このような中で、Webにアクセスしてきたユーザの動向を知り、ユーザ動向にあわせて提供すべき情報の構造を速やかに変更していくための技術の需要が高まっている。
【0003】
Webサイトで提供される情報はコンテンツと呼ばれハイパーテキスト(たとえば、HTML)によって表現される。個々のハイパーテキスト(以下、ノードと同義)はリンクによって結ばれ、Webサイトにアクセスしたいユーザは、リンクをたどることによってWebサイト中のノードにアクセスして様々なハイパーテキストから情報を入手することができる。
【0004】
Webサーバはサーバにアクセスしてきたユーザの振る舞いを記録することができ(記録された内容を以下ではログと呼ぶ)、例えば、ログにはハイパーテキストにアクセスしてきたコンピュータ(ユーザがWebサーバにアクセスするために使用しているコンピュータ、又はユーザの利用情報を中継しているコンピュータ)のIPアドレス、アクセスしてきた時刻、アクセスするためにWebサーバに送った命令が記録されている。なお、命令には、ユーザがアクセスしたノードのサーバー上での識別子(例えばURL)が含まれる。
【0005】
ここで、従来のアクセスログを利用したユーザ動向を知る技術では、コンテンツとユーザ動向の関連について評価を行っていないため、Webサイトの再構築を支援するところまでは至っていなかった。
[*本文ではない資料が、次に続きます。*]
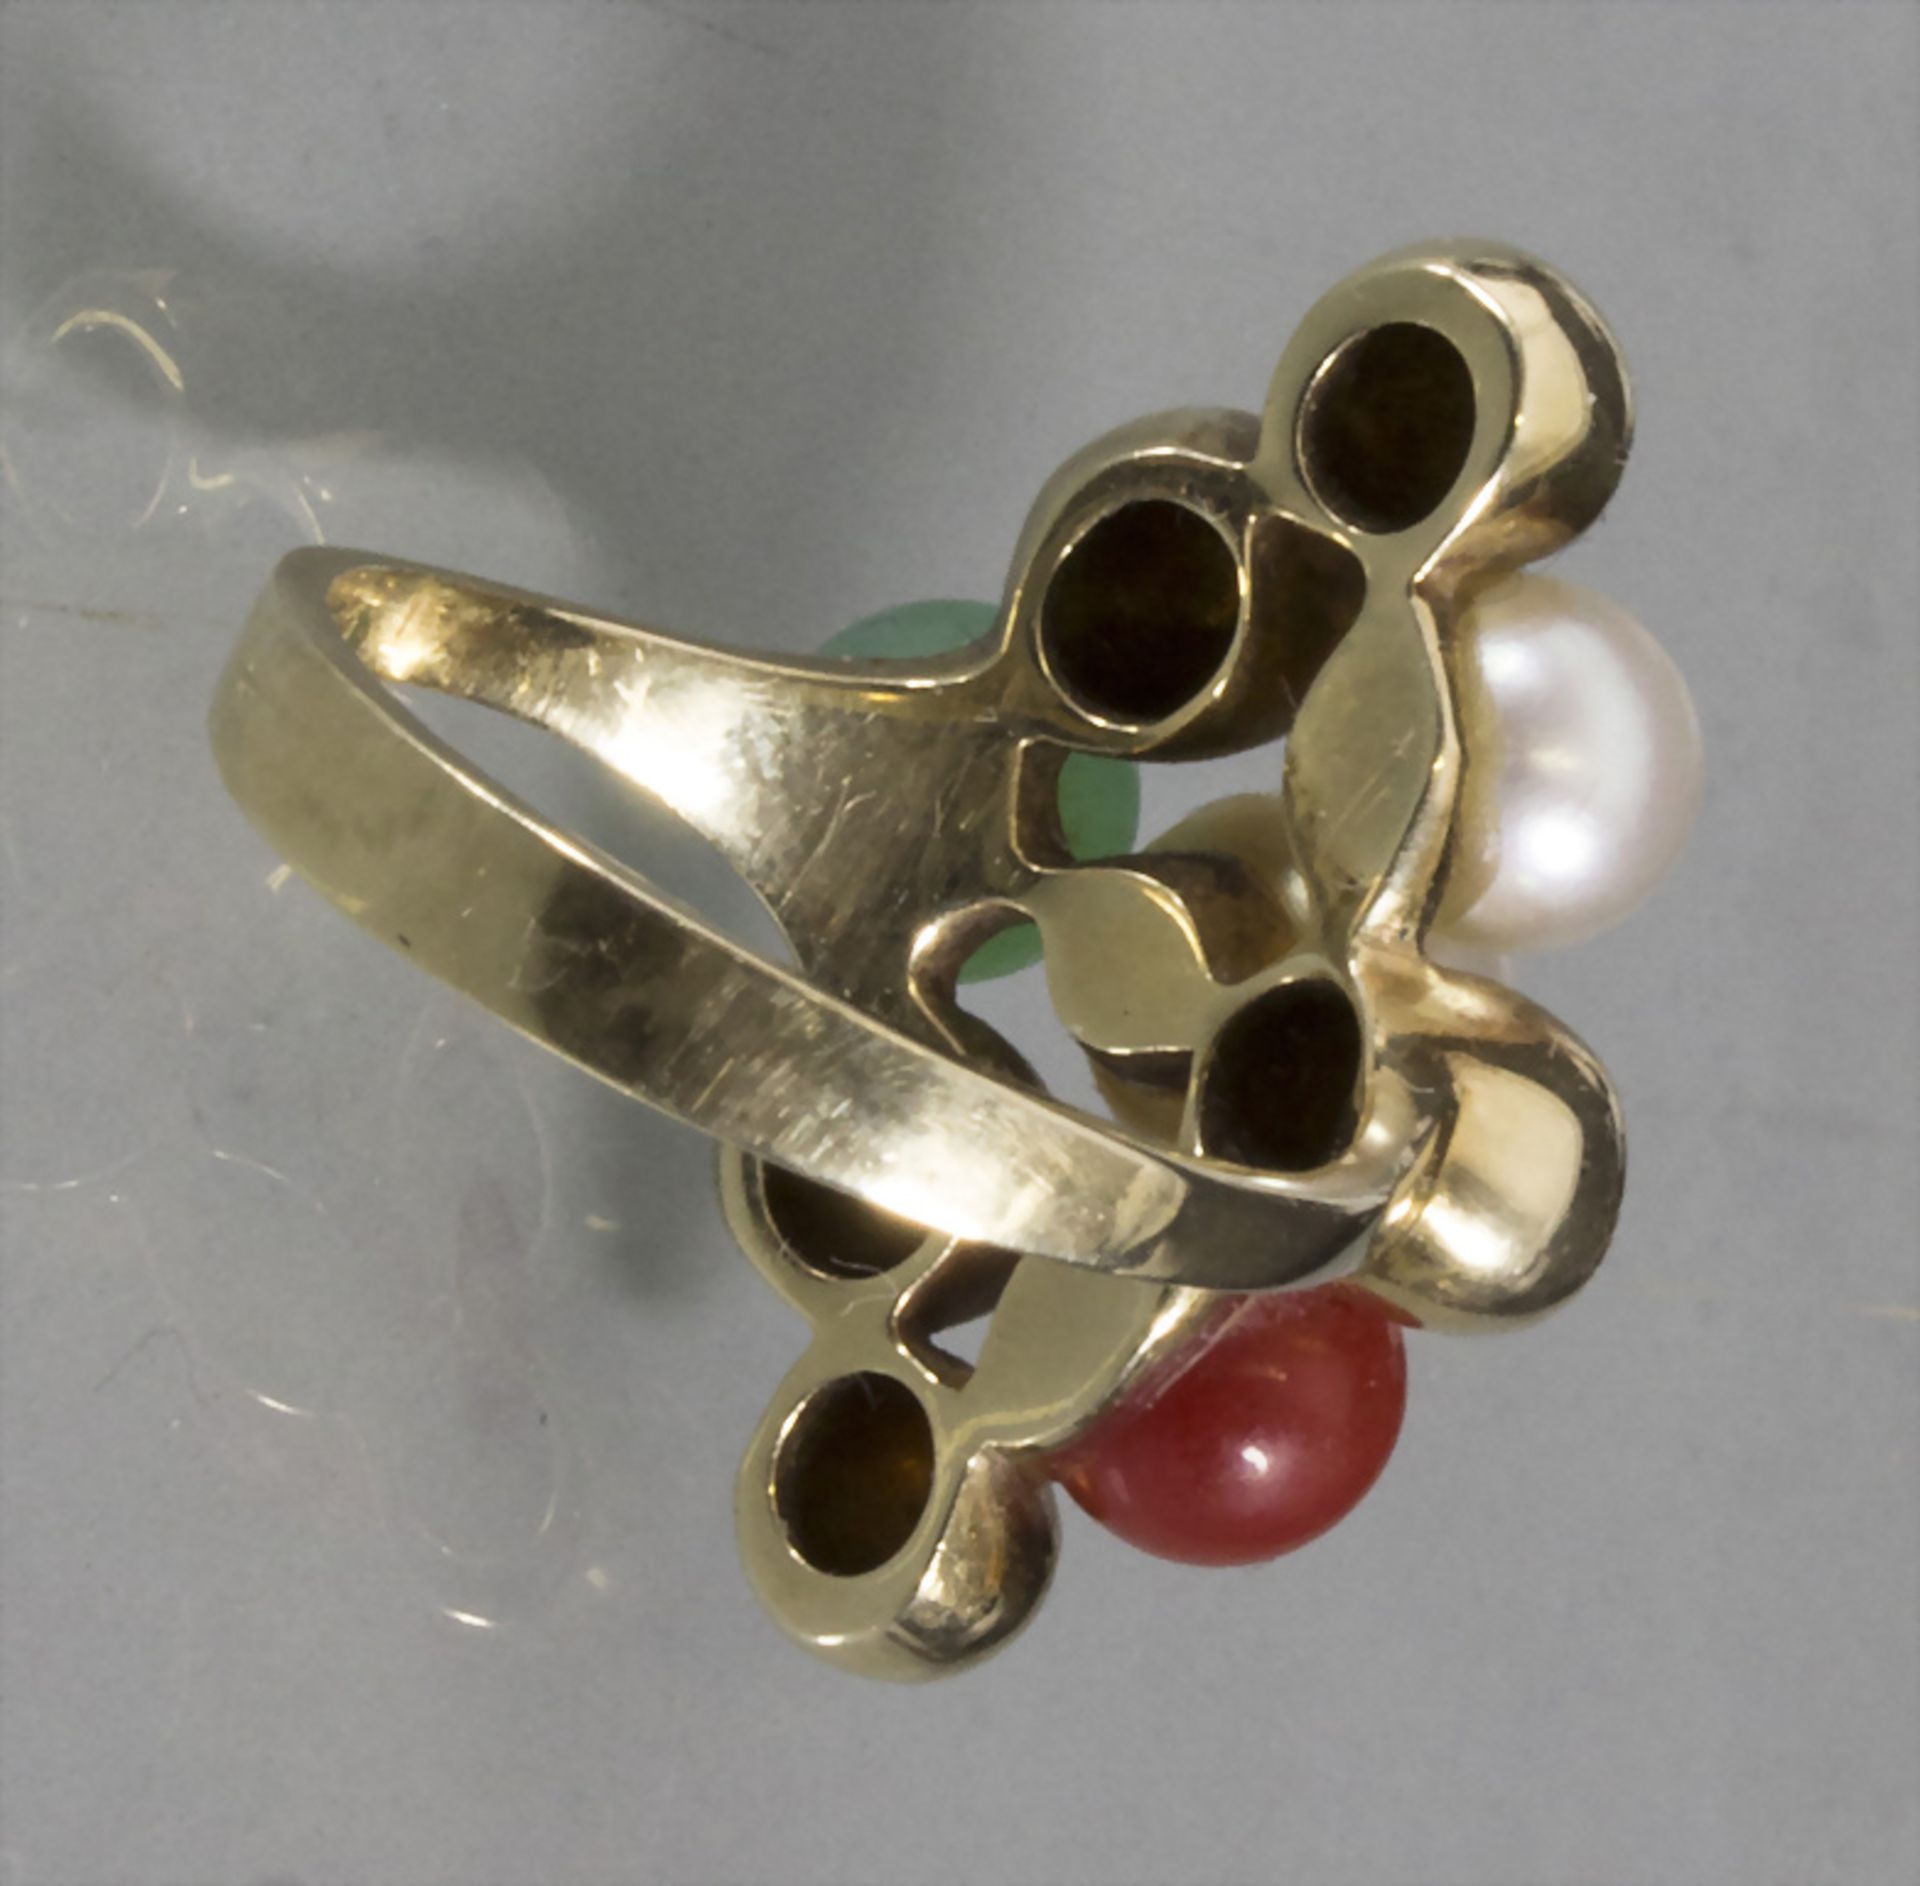 Damenring / A ladies 14ct gold ring, um 1970 - Image 2 of 2

そこで、本願出願人は、特願平10−345071号で、Webサイト中のノードに対してアクセスログによるクラスタリングとコンテンツによるクラスタリングを行い、2つのクラスタ間のずれからWebサイトの構成上の問題を指摘する手法を提案した。
しかしながら、この発明では、問題のあるノードを提示することは可能となったものの、問題のあるノードと、問題のあるページと予め定められたリンク関係にある他のノードとを表示し、これらノード間でのユーザの遷移数を提示する手法しか備えていないため、サイト分析を行うに際して、原因や問題点修正のための十分な情報を容易に得ることが出来なかった。
【0006】
なお、Webページの表示技術としては、リンク構造に基づいて木構造で表示することが一般的に行われている。また、ノードリンク構造を持つデータの表示技術として特開平8−110847号公報の「ノードリンク構造表示技術」が知られており、この技術では、リンクを辿ると指数関数的に表示すべきノード数が増えていくことにより生じる問題を軽減することを目的としている。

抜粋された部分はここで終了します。